Dissonance of any type can be deafening. It can make it seem like everything’s just noise. It can be interpreted as such, if I choose. There is logic to assuming that we crave pattern and sense from the universe because we were made for it, but there is also logic to assuming that we only seem to see a pattern because we want to; sometimes circumstances seem to imply there is no intentionality governing what happens to us. Maybe, though, to judge all of reality by those moments of greatest dissonance is like trying to explain the legend of King Arthur by saying it’s about some guy who sleeps with his sister. That explanation is not without basis, but it also doesn’t really tell us the whole story.
I wish I could explain the whole story. Of everything. It would be so nice to be able to tell my friends, “This is why this is happening to you.” It would have been so comforting last year to say to my husband, “You’re sick now and it’s awful, but you’re going to be fine. I read ahead and you don’t have a lifelong debilitating illness after all.”
Advent reminds us that not being reconciled to our circumstances is allowed. We are made for more than complacency. We don’t get easy answers. We get Advent. We get a promise that we are not crazy for thinking that this is not how it’s supposed to be.

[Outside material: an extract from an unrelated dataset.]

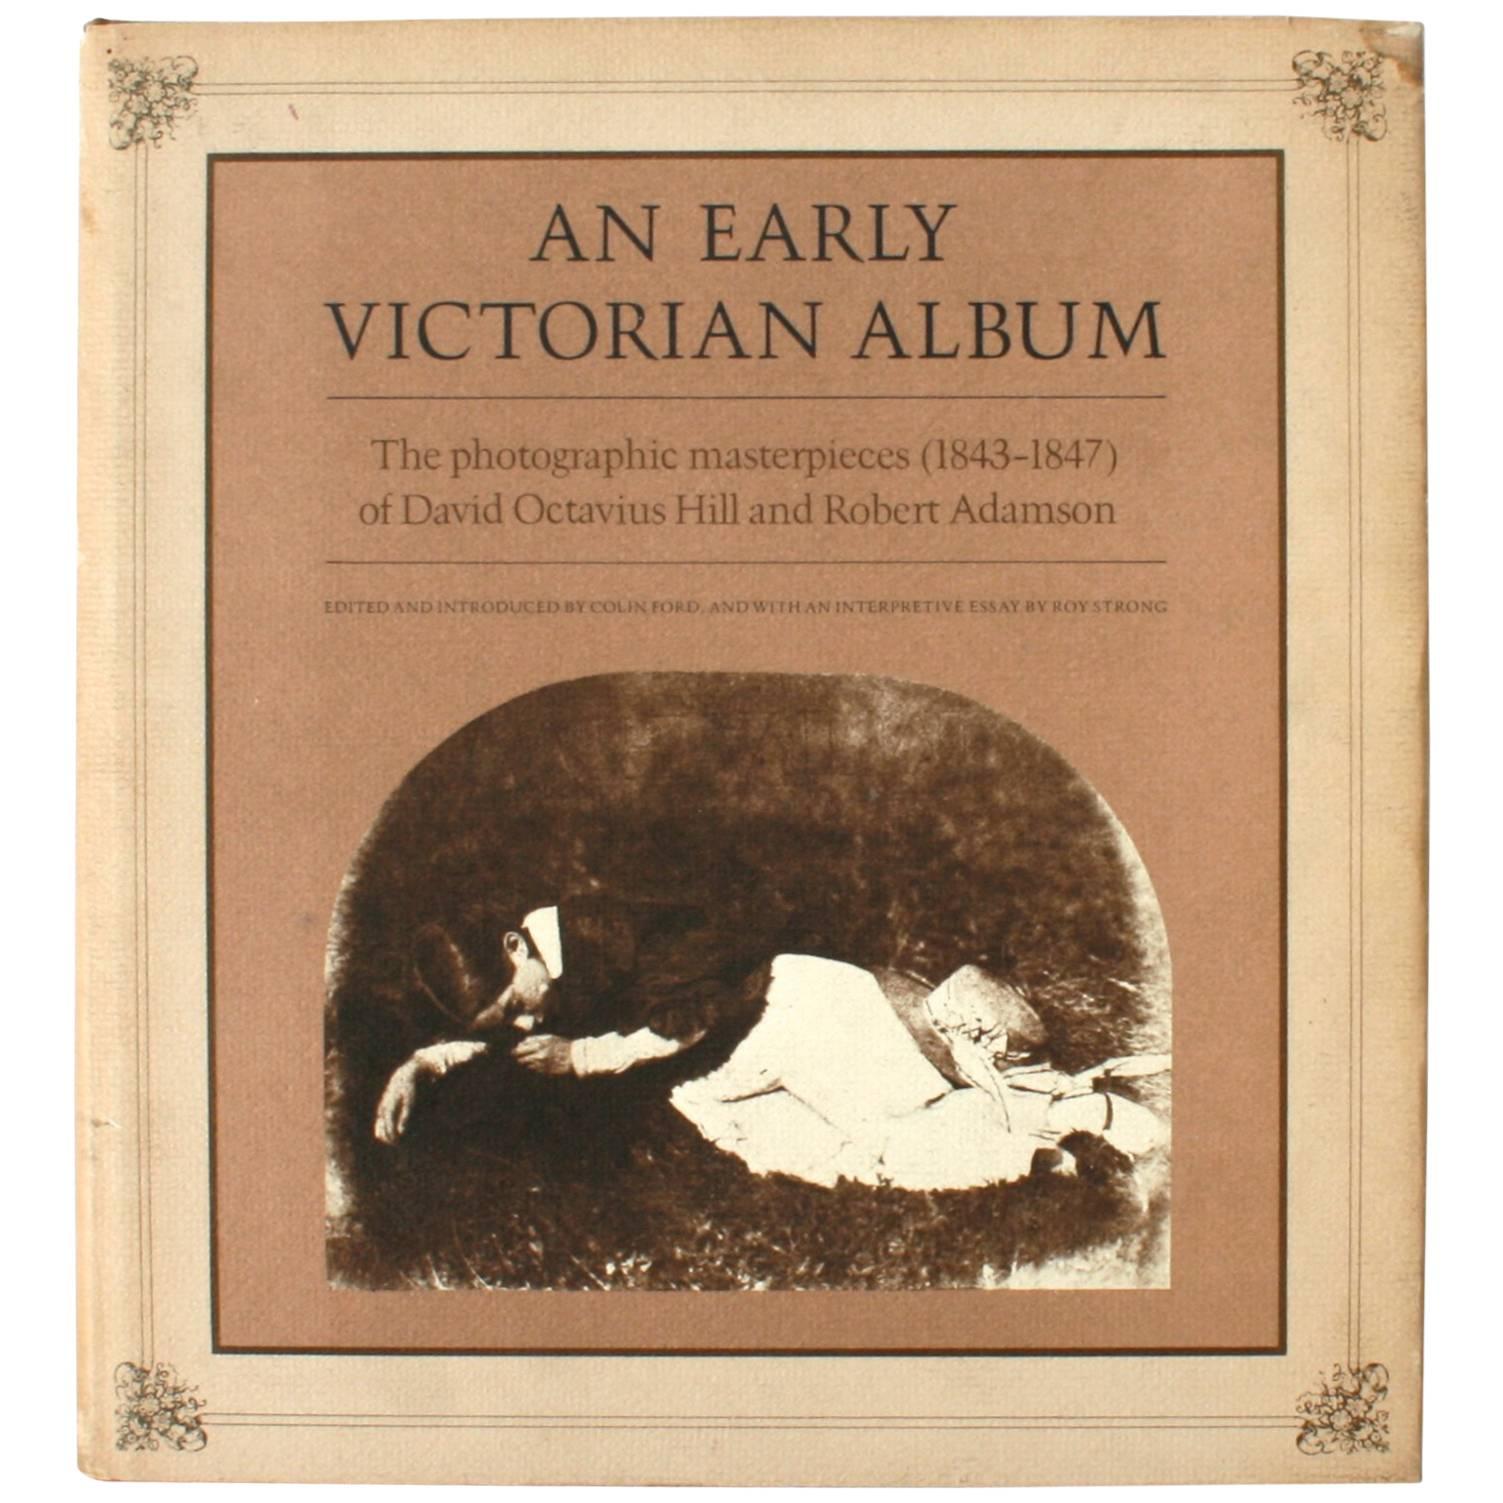 An Early Victorian Album: The Photographic Masterpieces, 1st Ed

I Heard the Bells on Christmas Day
I Heard the Bells on Christmas Day
Their old familiar carols play,
And wild and sweet the words repeat
Of peace on earth, good will to men.
I thought how, as the day had come,
The belfries of all Christendom
Had rolled along the unbroken song
Of peace on earth, good will to men.
And in despair I bowed my head:
“There is no peace on earth,” I said,
“For hate is strong and mocks the song
Of peace on earth, good will to men.”
Then pealed the bells more loud and deep:
“God is not dead, nor does he sleep;
The wrong shall fail, the right prevail,
With peace on earth, good will to men.”
Till, ringing, singing, on its way,
The world revolved from night to day,
A voice, a chime, a chant sublime,
Of peace on earth, good will to men!
You are eloquent and enriched me with this…. Thank you.